# Cabin People



## Cricket (Jan 15, 2014)

I have been listening to these videos today.

Yup, I am fascinated and keep going from one to the next.

I should probably get a life, huh? (grin)


----------



## Redoak49 (Dec 15, 2012)

I am afraid that I do not want to see any show with snow on it….I had enough this last winter to last me several years. However, the rain so far this summer has been almost as bad in the Chicago area….

I am looking for that perfect place where it is crisp and cool in the mornings and warms up a bit in the afternoon and like that all year around…..I know…dream on….


----------



## Cricket (Jan 15, 2014)

I can't remember the last time I saw snow, so I always smile a bit when I see it.

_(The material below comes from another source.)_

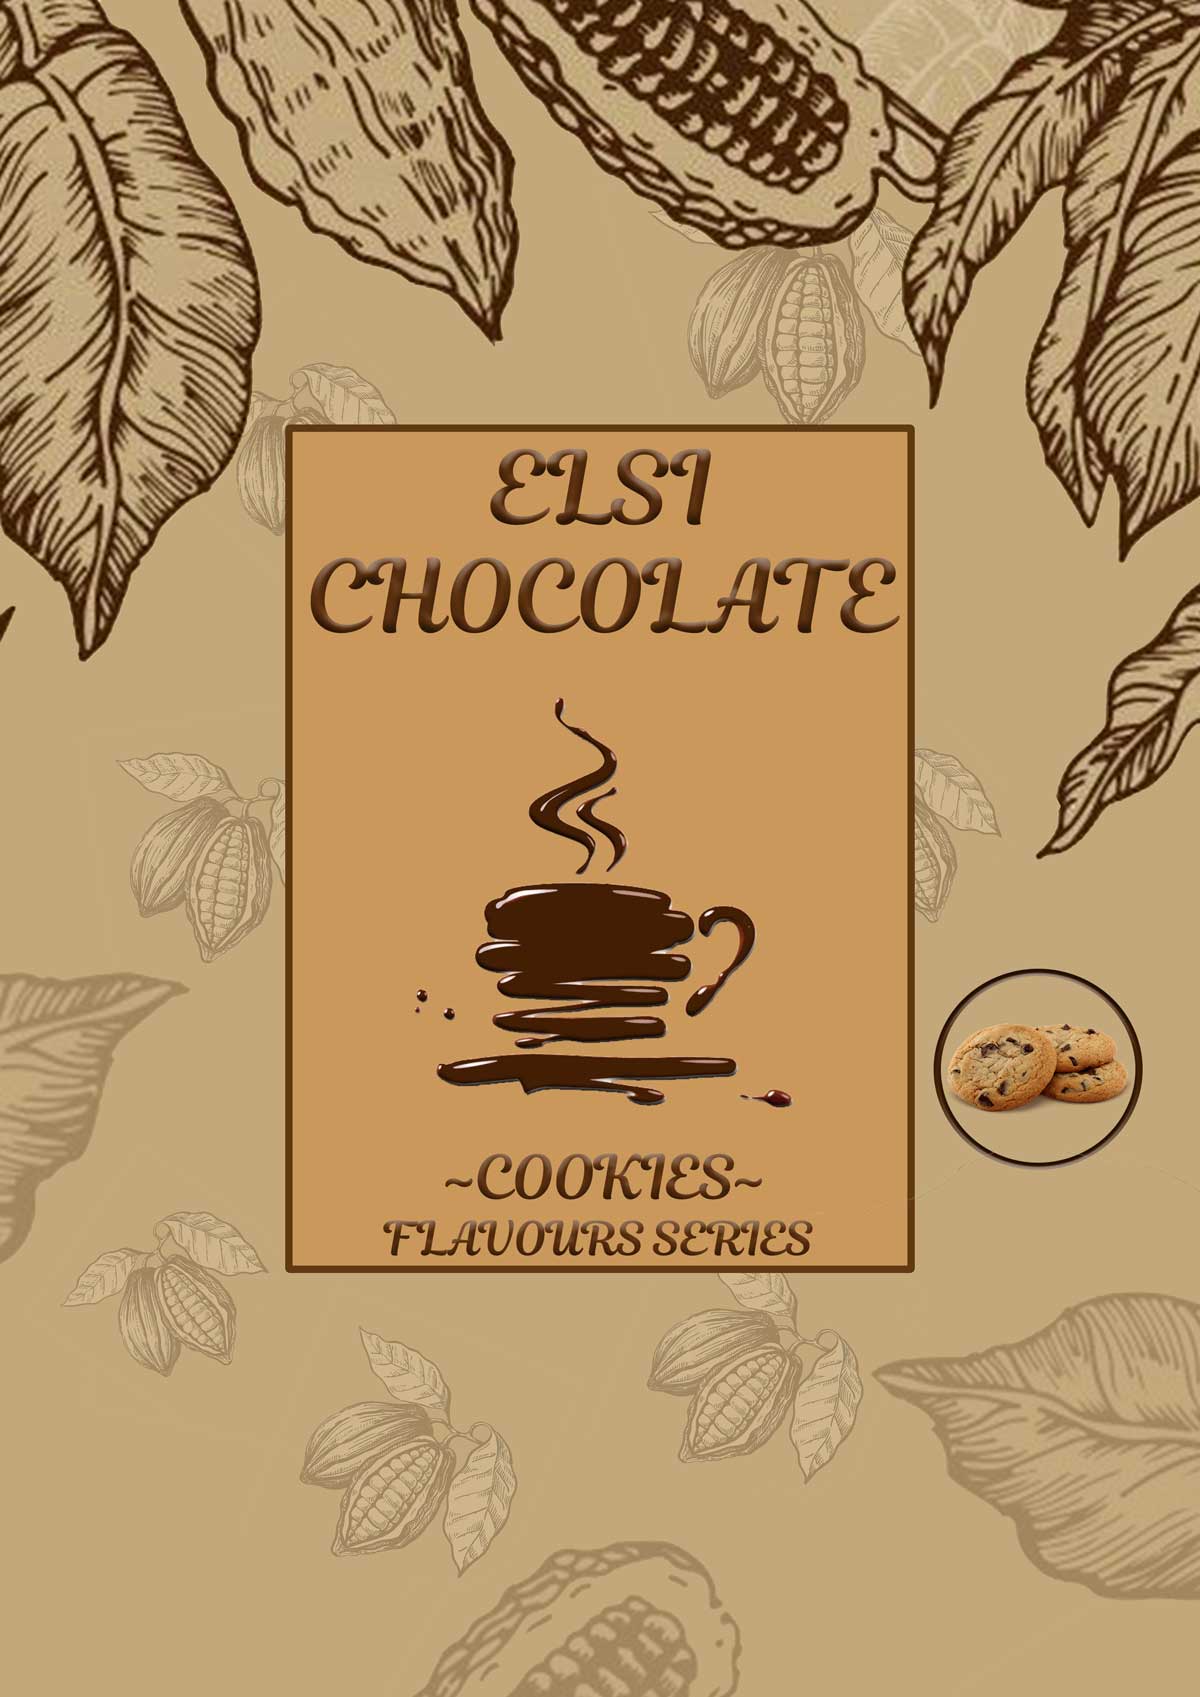 Ρόφημα Σοκολάτας – Elsi Cookies- Flavours Series

I have to admit I am not a big fan of the cold though.


----------



## Cricket (Jan 15, 2014)

For those of you who are unable to view embedded videos, following are the links (in order) of the videos I was referring to in this thread. (I will try to remember to include the links from now on!)


----------



## rad457 (Jun 15, 2013)

Yup, Waste of my time to watch someone try to figure out where they belong in this world. I figure that I have paid my dues and want to enjoy my toys and lifestyle I have earned.


----------



## Cricket (Jan 15, 2014)

I enjoyed it but I tend to like stuff like that.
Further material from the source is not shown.